Pandas collapse multiple rows into one by selecting the most probable
Problem
My first DataFrame consists of the following:
df1 = pd.DataFrame(
[[1, 'C_A'], [2, 'C_B'], [3, 'C_C'], [3, 'C_D'], [4, 'C_F']],
columns=['time', 'category']
)
time category
0 1 C_A
1 2 C_B
2 3 C_C
3 3 C_D
4 4 C_F
There are some rows that have multiple time entries.

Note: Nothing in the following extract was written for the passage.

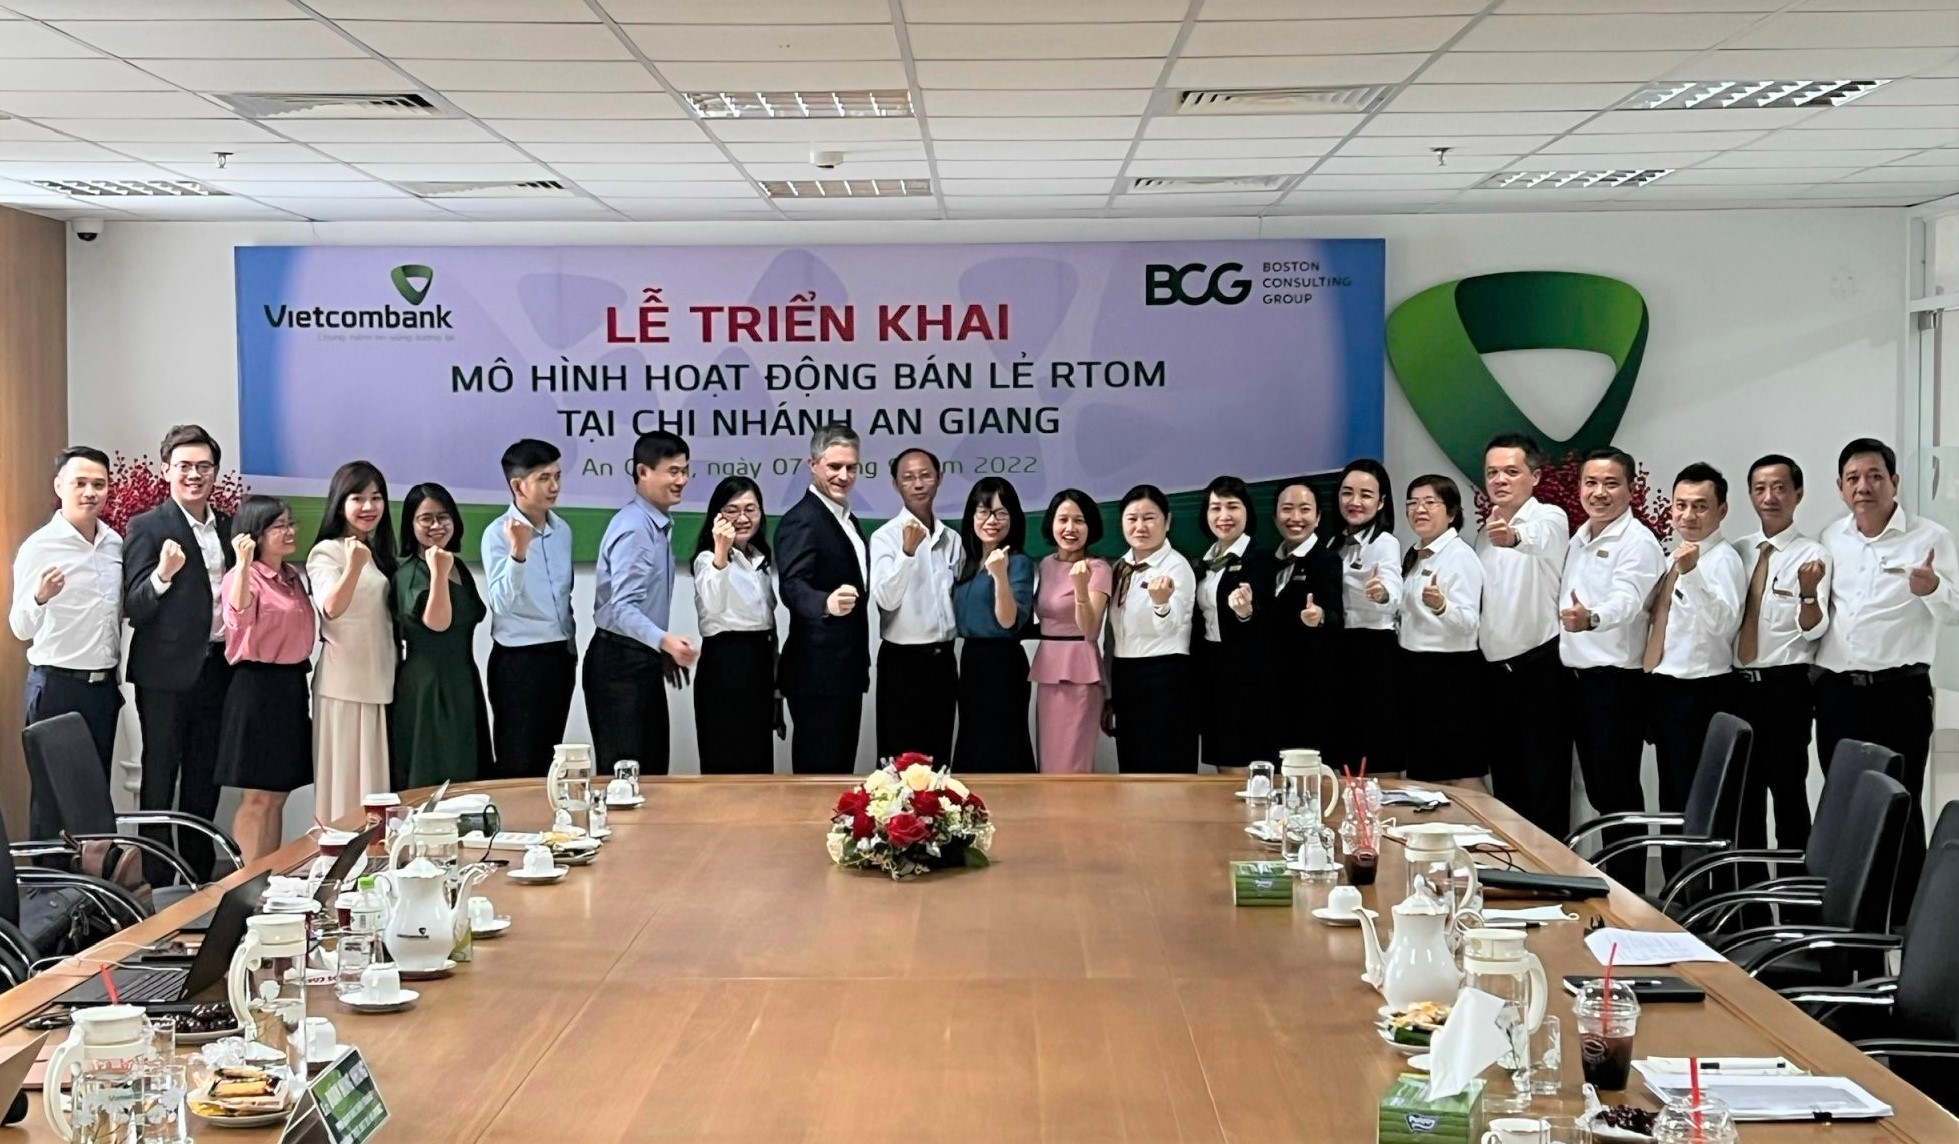 Vietcombank chính thức triển khai mô hình hoạt động bán lẻ RTOM tại chi nhánh An Giang

Now my second df is a probability distribution at each time for each category:
df2 = pd.DataFrame(
[[1., 0., 0., 0., 0.], [0., 1., 0., 0., 0.],
[0., 0., 0.7, 0.3, 0.], [1, 0., 0., 0., 0.]],
columns=['C_A', 'C_B', 'C_C', 'C_D', 'C_F']
)
C_A C_B C_C C_D C_F
0 1.0 0.0 0.0 0.0 0.0
1 0.0 1.0 0.0 0.0 0.0
2 0.0 0.0 0.7 0.3 0.0
3 1.0 0.0 0.0 0.0 0.0
For the rows with one single time, I want to keep them as they are.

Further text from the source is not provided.